I also don't really want to start a edit war over British vs American English spelling. My recommendation would be to just let users spell it however they want. If context here was less clear, and it wasn't clear whether users wanted to use it as a verb or the noun, then maybe it would matter more.

  • The reason I thought we could make this the default is because it would mean that an American with Windows would be able to type resume and the accented word would appear. We have something very similar right now – someone who puts the accents in the words will find that the default removes them. That seems to be a SE setting? bug? though. Dec 11, 2015 at 15:38
  • @cwallenpoole But a person may not want to use the only meaning of the word, it's like the history of the word clbuttic. What if you wanted to actually use the word resume, and not résumé? We'd then see lots of complaining posts about it.
    – cst1992
    Oct 4, 2016 at 12:26

As a non-American, I call it a CV. I am not familiar with the word résumé in this context. I can certainly understand the word, but I’m not familiar with it, which means that it’s not the first thing that comes to mind when I see resume. I will read that as written, as a word which Collins defines as “to begin again or go on with (something adjourned or interrupted)”. Only when that definition makes no sense do I mentally rewrite it in my head and pick the other definition. This means that every single time I see the word, there’s a brief mental hiccough: my train of thought goes down the wrong path and needs to be recalled.
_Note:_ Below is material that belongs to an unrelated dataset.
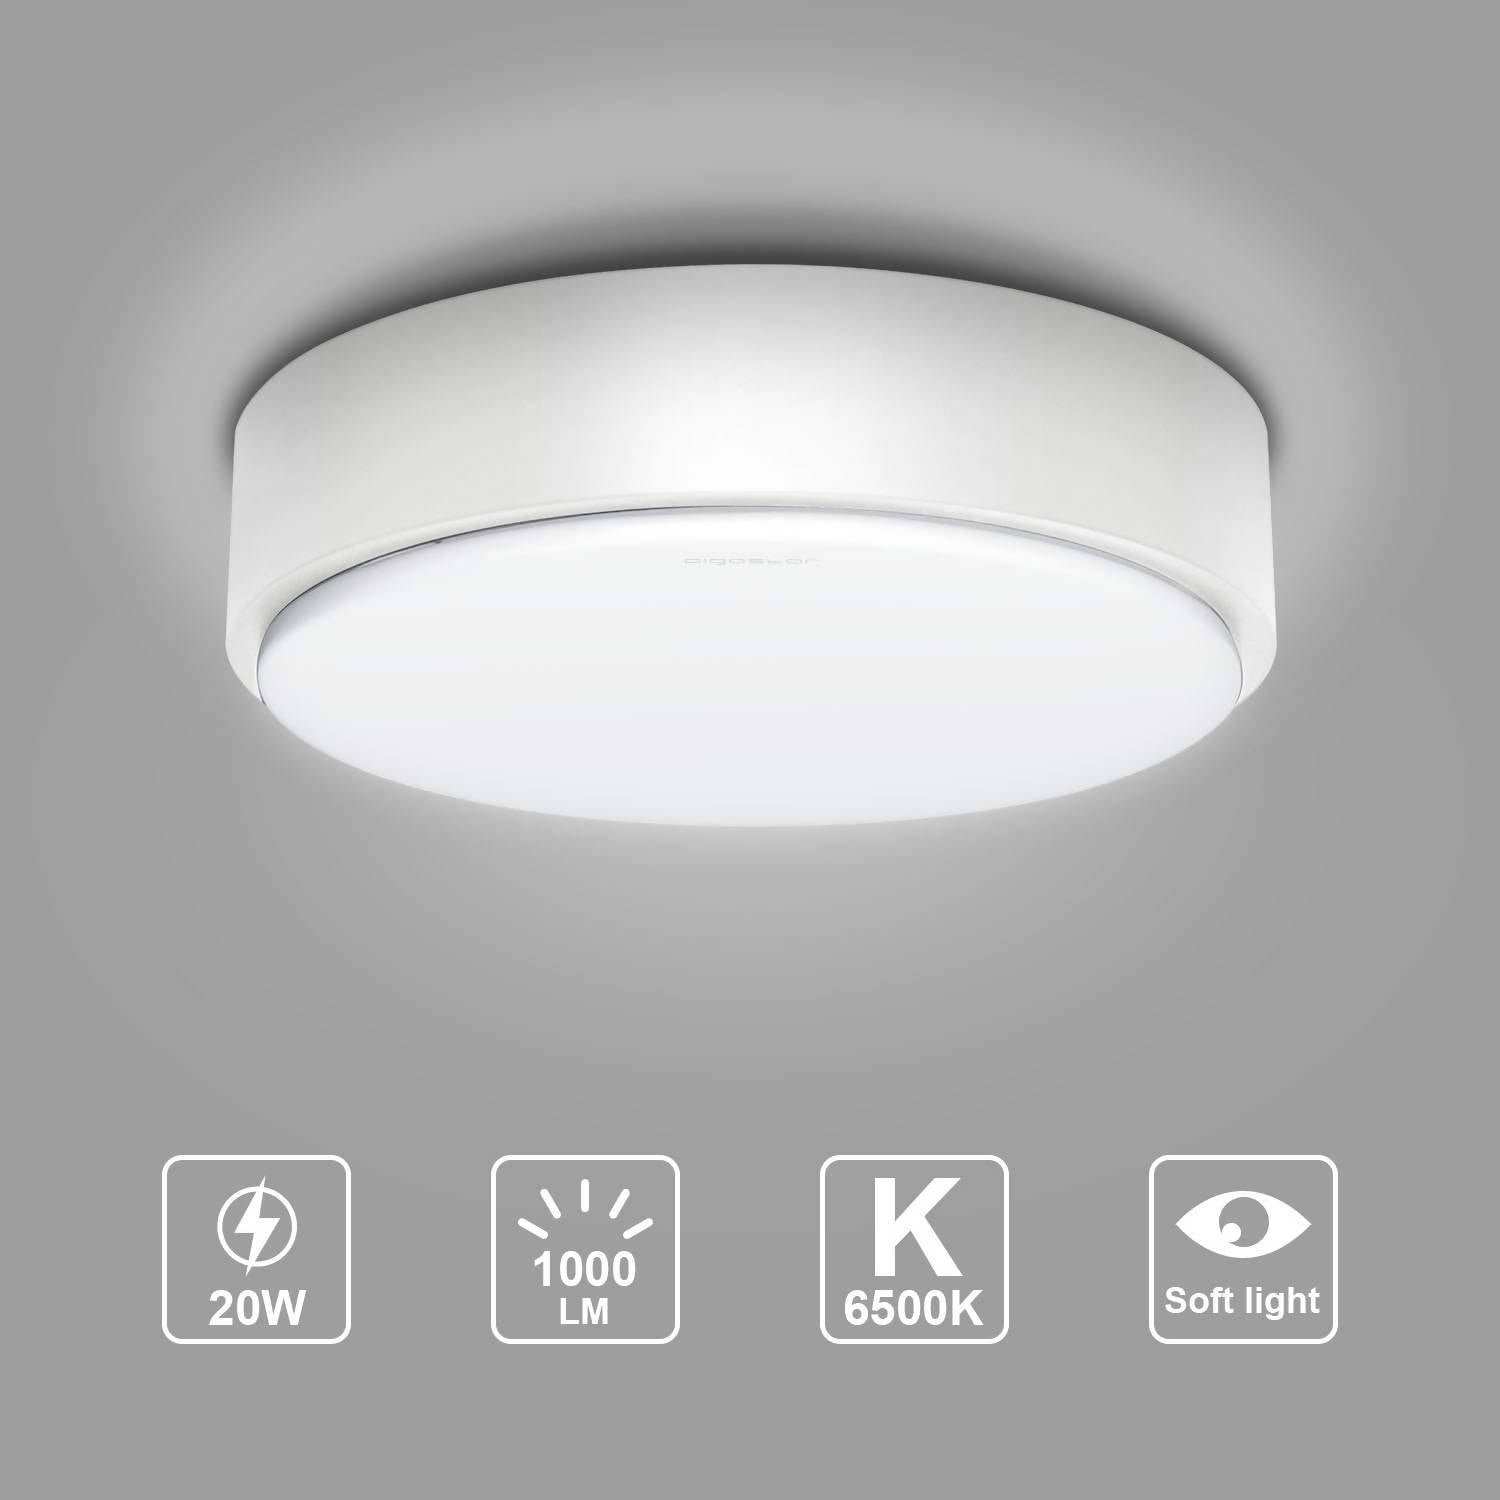 LED Ceiling Light Cool White 20 W Ceiling Light Metal Board 6500 K 1000 lm for Kitchen Corridor Office Bedroom Dining Room Living Room [Energy Class A+]

Spelling the word correctly, as résumé, would definitely help that.

The tag should definitely be given the accents, with the non-accented version synonomized. Due to improvements in the tag engine, this is now possible.

  • (And it’s hardly difficult to type, AltGr+e is not a difficult key combination.)
    – TRiG
    Oct 1, 2016 at 10:59
  • Considering standard American keyboards don't have an AltGr key, yes, it is difficult. There are Alt+xxxx combinations for non-standard characters, but since American English does not typically use accented characters, I would not expect anyone to know what they are.